According to Goldman Sachs Group Inc. (NYSE: GS) it means gold is headed down for the remainder of the year. In a Feb. 25 note to clients, Goldman lowered its three-month gold-price forecast to $1,615 an ounce from $1,825, its six-month forecast to $1,600 an ounce from $1,805 and its 12-month forecast to $1,550 an ounce from $1,800.
But, once again, Goldman is wrong.
"The fact is, despite this pullback, gold prices are consolidating at a relatively high level, which is rather bullish. As well, gold's price is forming a technical pattern known as a "symmetrical triangle,' which also provides a bullish setup," said Money Morning Global Resources Specialist Peter Krauth when the sell-off began earlier this month.
"The last time we had this was in 2008 to 2009," explained Krauth. "After that consolidation, gold began a multi-year climb that nearly doubled its price.
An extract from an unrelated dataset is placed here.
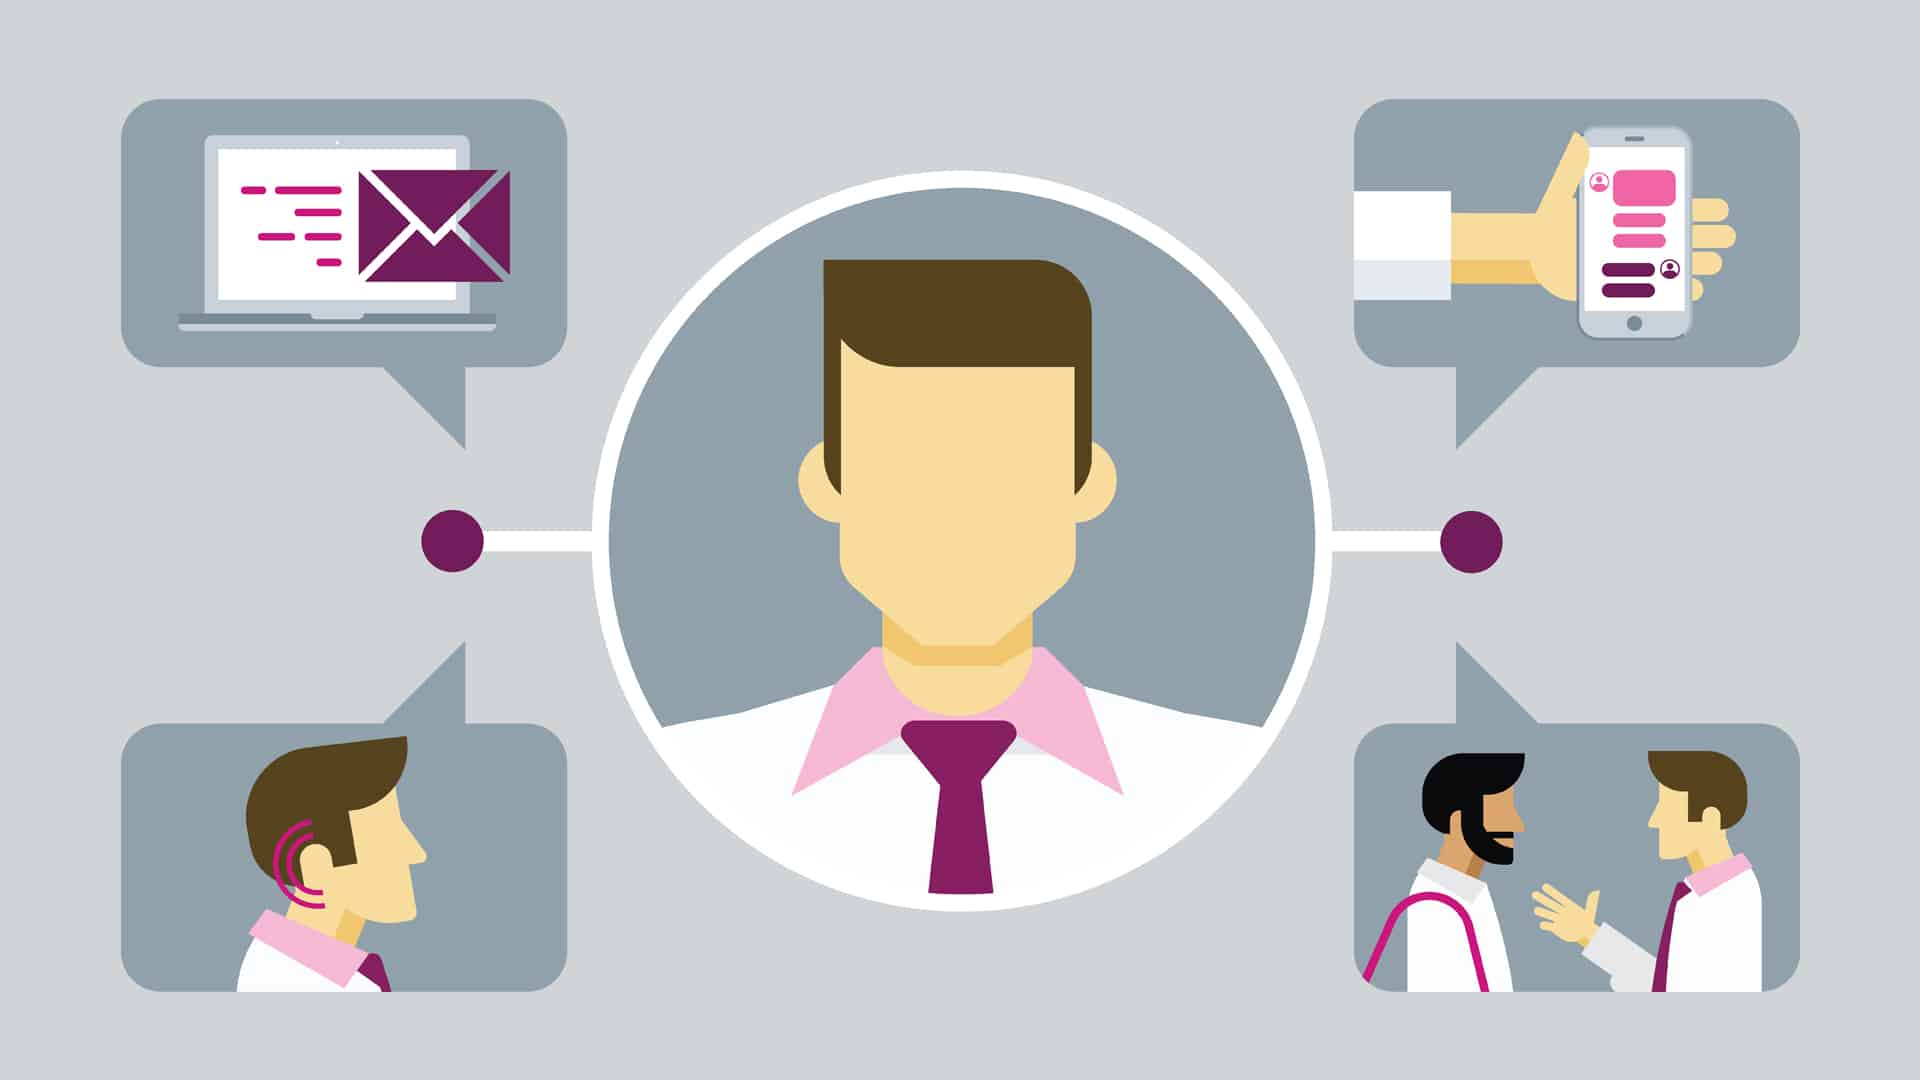 hire dot net developer, Top 7 Reasons To Hire Dot Net Developer from an Offshore Development Company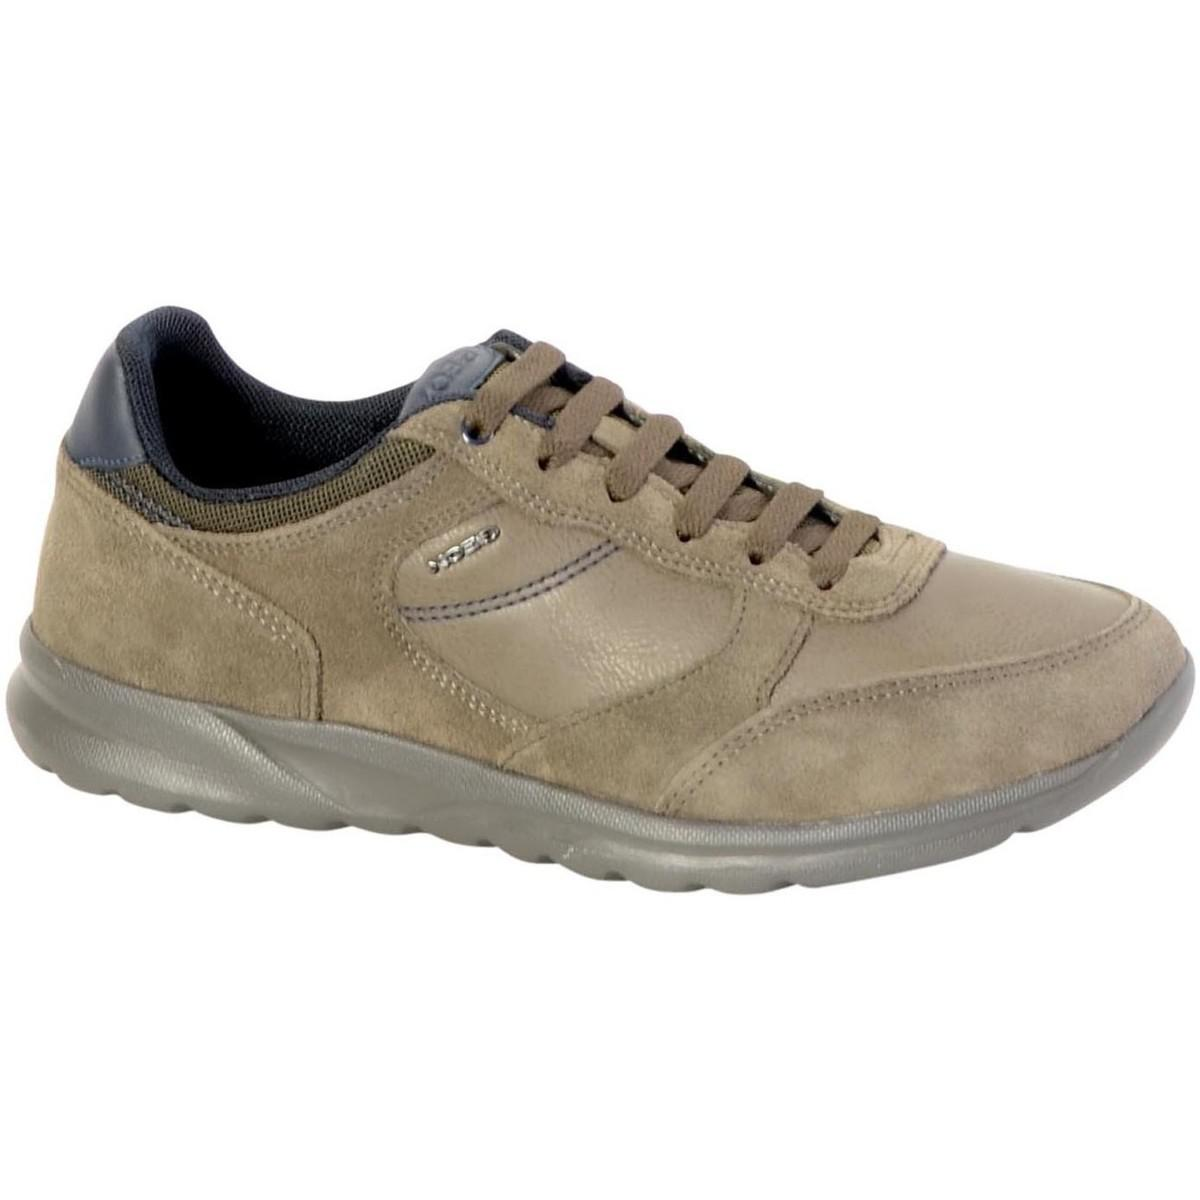 Geox Sneakerss U Damian A U740ha 022me C6029 Taupe Women's Shoes (trainers) In Brown

I think we are in the first innings of another such cycle that could take the price much higher, and almost certainly to new all-time highs."
As for investing in gold stocks, Krauth said now's a good time to stock up on the yellow metal.
"I believe the best strategy, as gold remains in a secular bull, is to accumulate on dips," said Krauth. "So this very recent weakness has created a great opportunity for true contrarian investors to do just that and add to their gold positions."
Krauth thinks gold prices could move up more than 30% in 2013 from current prices, and has a price target of $2,200 an ounce.
A main reason for this target is the explosion of stimulative monetary policies, which has led to rapid growth in fiat money and helped increase the demand for gold.
Not only are consumers and small investors looking at gold as a hedge against inflation and a way to store value, but central banks are also buying gold at a feverish pace.
In 2012 the world's central banks added the most gold to their reserves since 1964. Net official gold purchases totaled 536 metric tons, a gain of 17.4% from the previous year according to a report from Thomson Reuters GFMS. Central banks are forecast by GFMS to purchase 280 metric tons in the first half of 2013 alone.
And the intensifying currency wars are debasing global currencies, yet another bullish sign for gold prices.